The author agrees that the organizers can use your name (or your pseudonym) and an image of you in association with your essay for purposes of publicity, promotion and any other activity related to the exercise of its rights under these Terms.

The organizers may remove any essay-related content from its platforms at any time and without explanation.

The organizers may block contributions from particular email or IP addresses without notice or explanation.

The organizers may enable advertising on its platforms and associated social media accounts, including in connection with the display of your essay. The organizers may also use your Material to promote its products and services.

The organizers may, at its sole discretion, categorise Material, whether by means of ranking according to popularity or by any other criteria.

Data Protection

Personal information collected in connection with the Competition will be processed in accordance with Virtual Routes’ Privacy Policy. Participants agree to the collection, processing, and storage of their personal data for the purposes of the Competition.

Liability and Indemnity

Virtual Routes, MSC, and the Sponsor will not be liable for any damages arising from participation in the Competition, except where prohibited by law.
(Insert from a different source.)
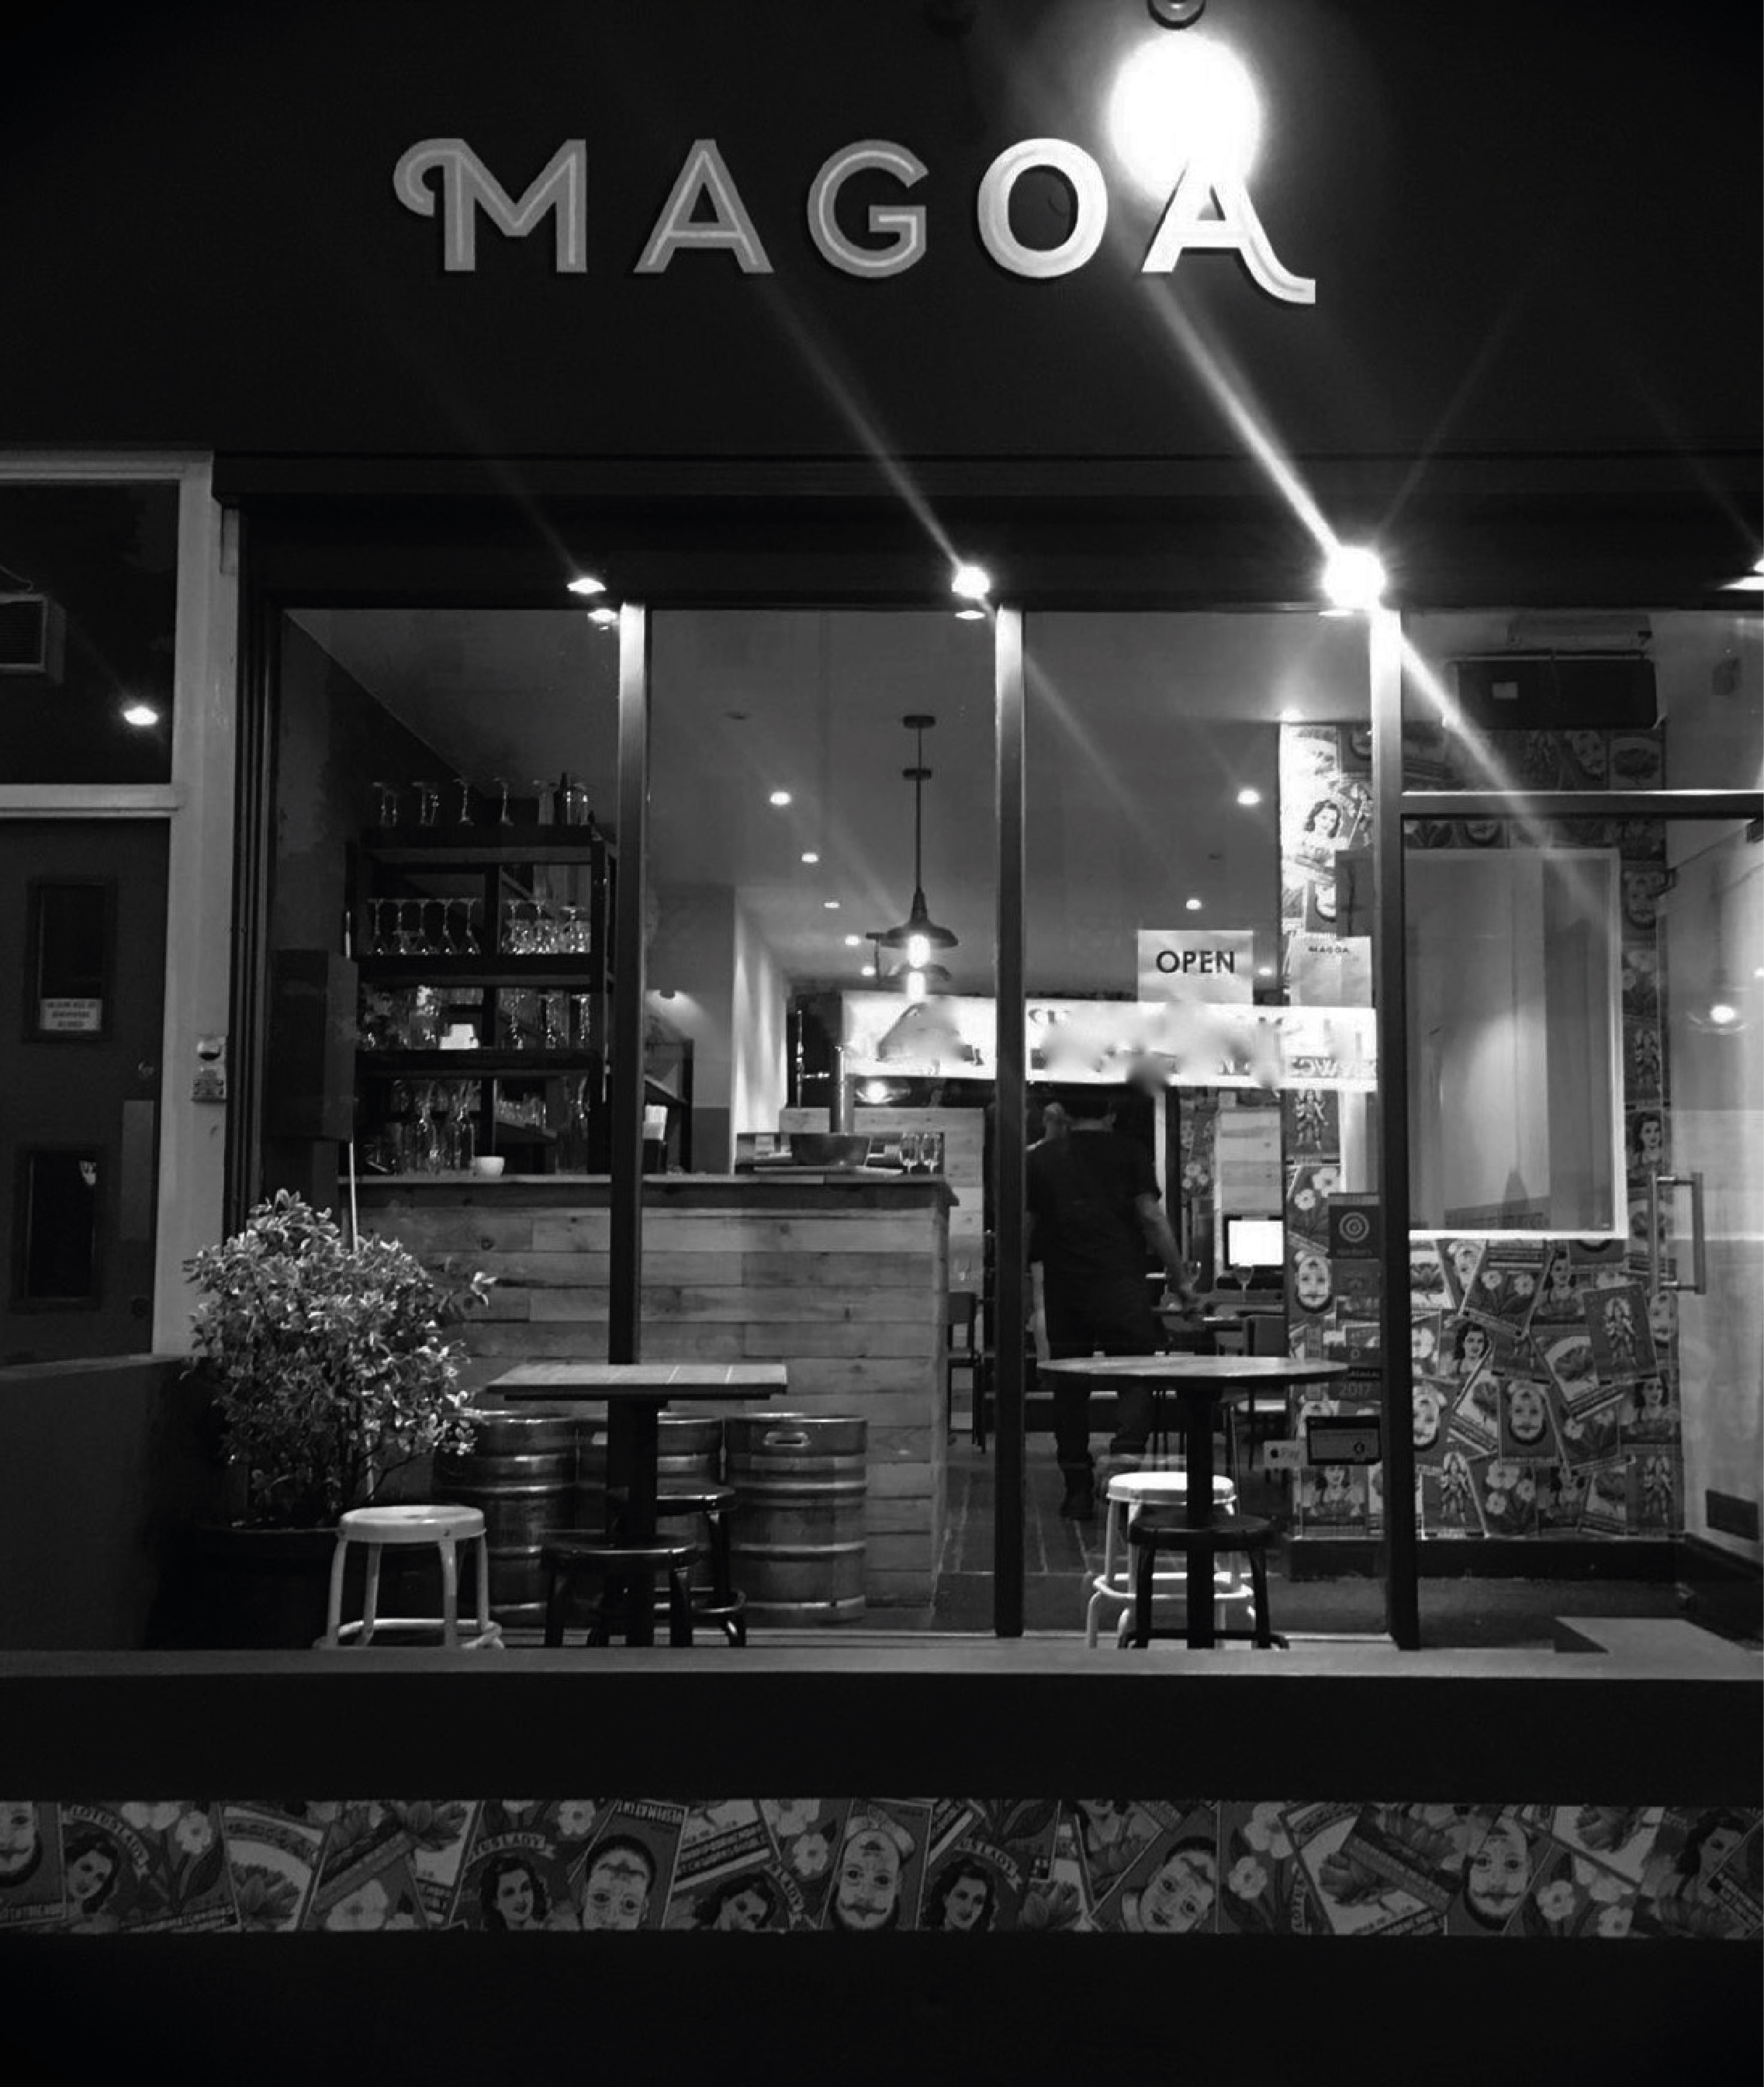 Graphic Designer London. Magoa restaurant storefront in black and white colour

Participants agree to indemnify Virtual Routes, MSC, and the Sponsor against any claims, damages, or losses resulting from a breach of these T&Cs.

General Conditions

Virtual Routes reserves the right to cancel, suspend, or modify the Competition or these T&Cs if fraud, technical failures, or any other factor beyond Virtual Routes’ reasonable control impairs the integrity or proper functioning of the Competition, as determined by Virtual Routes in its sole discretion.

Any attempt by any person to deliberately undermine the legitimate operation of the Competition may be a violation of criminal and civil law, and, should such an attempt be made, Virtual Routes reserves the right to seek damages from any such person to the fullest extent permitted by law.

Governing Law

These Terms and Conditions are governed by the laws of the United Kingdom, without regard to its conflict of law principles. Any dispute arising out of or in connection with these Terms and Conditions, including any question regarding its existence, validity, or termination, shall be referred to and finally resolved by the courts of the United Kingdom. The participants agree to submit to the exclusive jurisdiction of the courts located in the United Kingdom for the resolution of all disputes arising from or related to these Terms and Conditions or the Competition.